On Thu, Sep 29, 2016 at 15:51:58 -0300, Eduardo Habkost wrote:
On Thu, Sep 29, 2016 at 04:21:07PM +0200, Jiri Denemark wrote: [...]
Slightly related, I don't think we have a way to list CPU features supported by QEMU over QMP, do we? "-cpu ?" will show them all, but I couldn't find a QMP command that would give me the same list.
device-list-properties should return all the properties you can set. But I recommend that you don't make libvirt set any of the properties in the list unless: 1) you know what it does; or 2) it is returned by a query-cpu-model-expansion call.
The use case was for pre-checking whether all CPU features specified in domain XML are supported by current QEMU binary. What parameters would I need to use for device-list-properties? And would it work with -machine none?
You just need the right QOM type name (in x86 it is "<model>-x86_64-cpu" or "<model>-i386-cpu"). I will send a patch that includes a "qom-type" field in CpuDefinitionInfo (query-cpu-definitions) so you know what's the right QOM type name to query.

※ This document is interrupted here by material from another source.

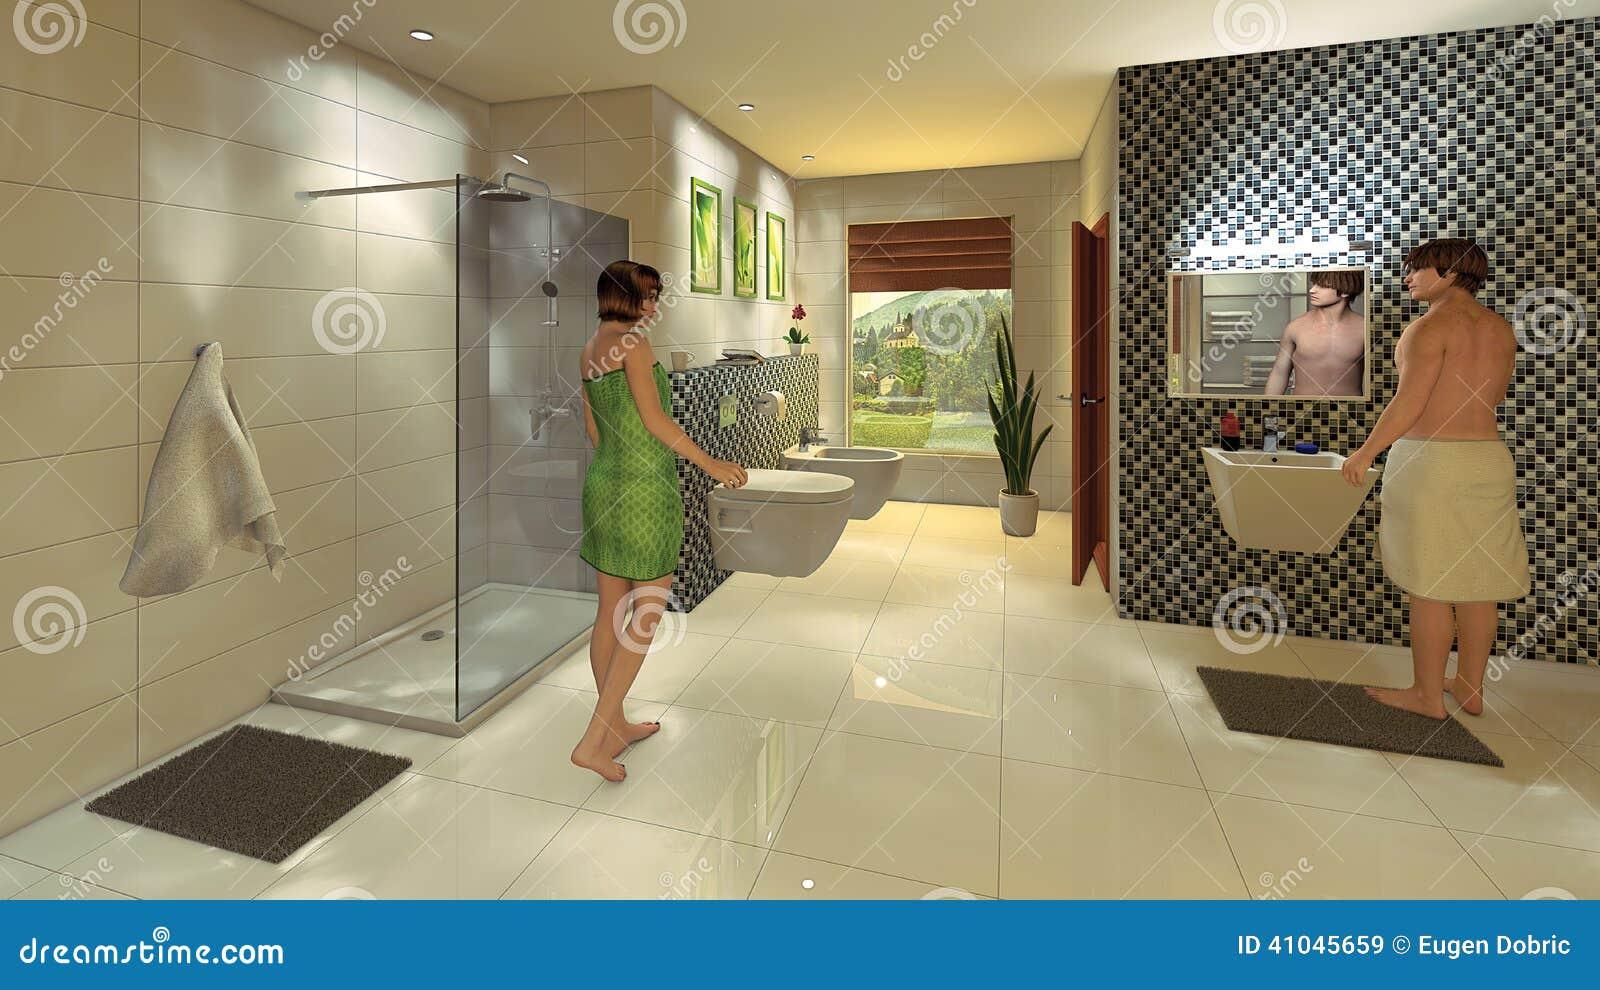 Bagno Moderno Con La Parete Del Mosaico Illustrazione di Stock ...

Hmm, it doesn't seem to work (I tried both -machine none and -machine pc): (QEMU) device-list-properties typename=SandyBridge-x86_64-cpu {"error": {"class": "GenericError", "desc": "Can't list properties of device 'SandyBridge-x86_64-cpu'"}} Anyway, is the list of properties expected to depend on the CPU model? If not, wouldn't a simple query-cpu-properties returning a list of properties QEMU understands be good enough? The list would be pretty similar to what -cpu ? returns. It would help us provide a better error in case a user asks for a CPU features that is not supported by their QEMU binary, and it would also help us translate the result of query-cpu-model-expansion; as you probably know, we use older spellings for some CPU features (e.g., pclmulqdq vs. pclmuldq).

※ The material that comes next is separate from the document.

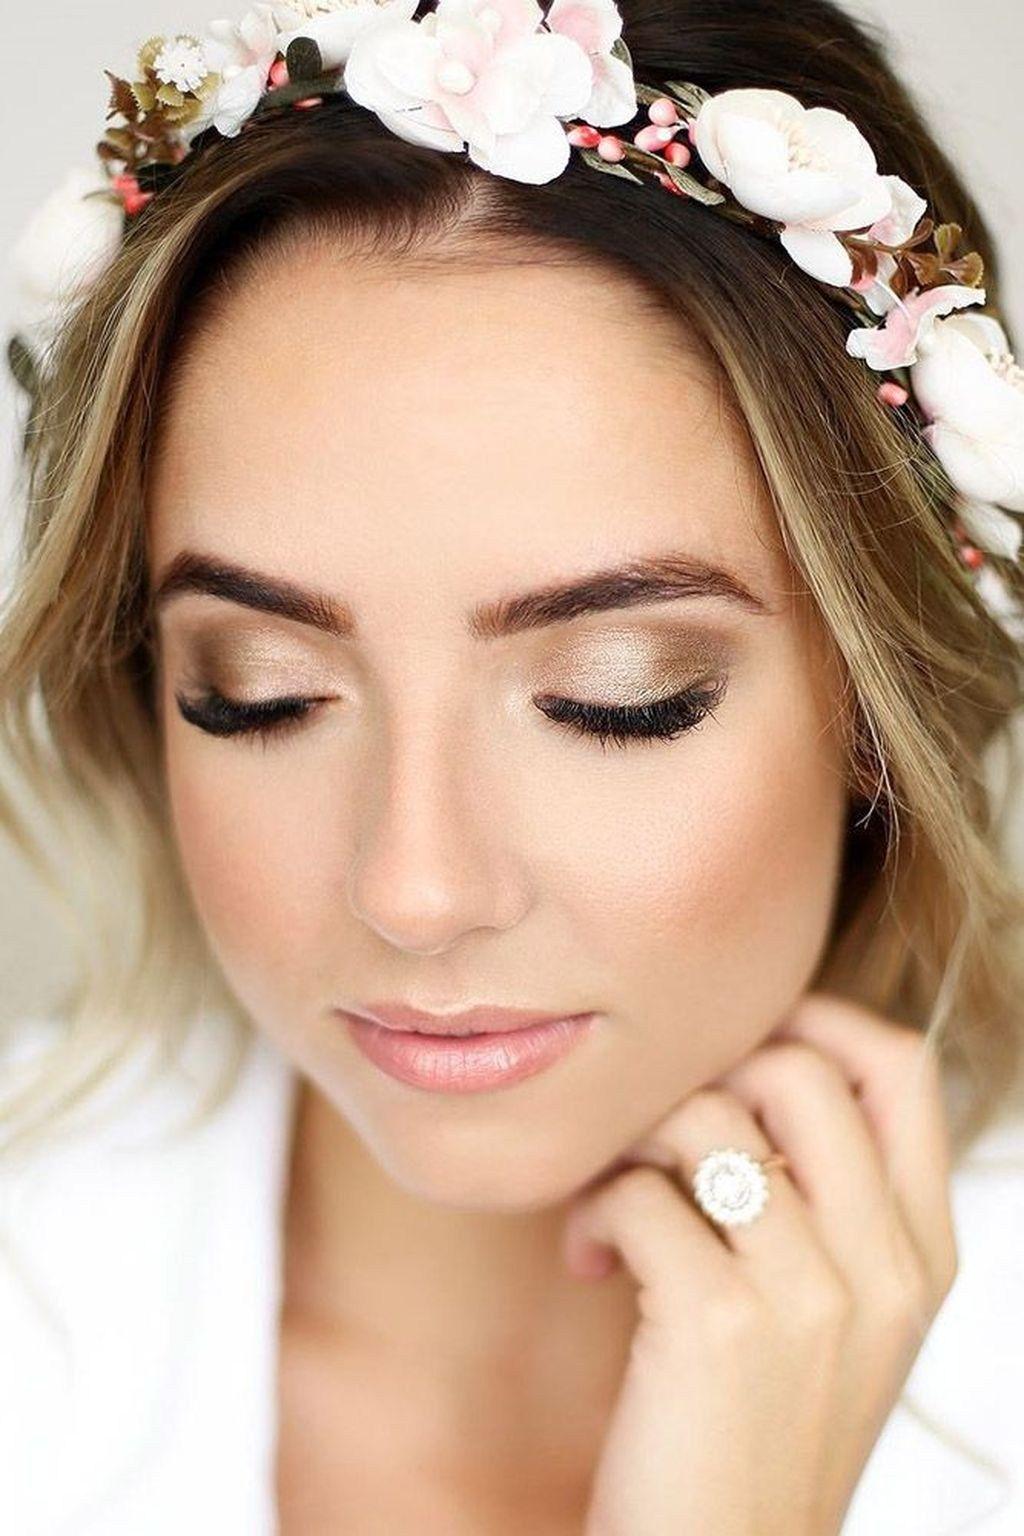 Natural Wedding Makeup Ideas To Makes You Look Beautiful 32 ...

I think device-list-properties won't work with an abstract base type like "x86_64-cpu" or "i386-cpu".
Right: (QEMU) device-list-properties typename=x86_64-cpu {"error": {"class": "GenericError", "desc": "Parameter 'name' expects non-abstract device type"}}
But I think it's better query the right class name for the CPU model you plan to use, anyway (this way architecture code will be able to have different CPU models supporting different sets of options, if necessary).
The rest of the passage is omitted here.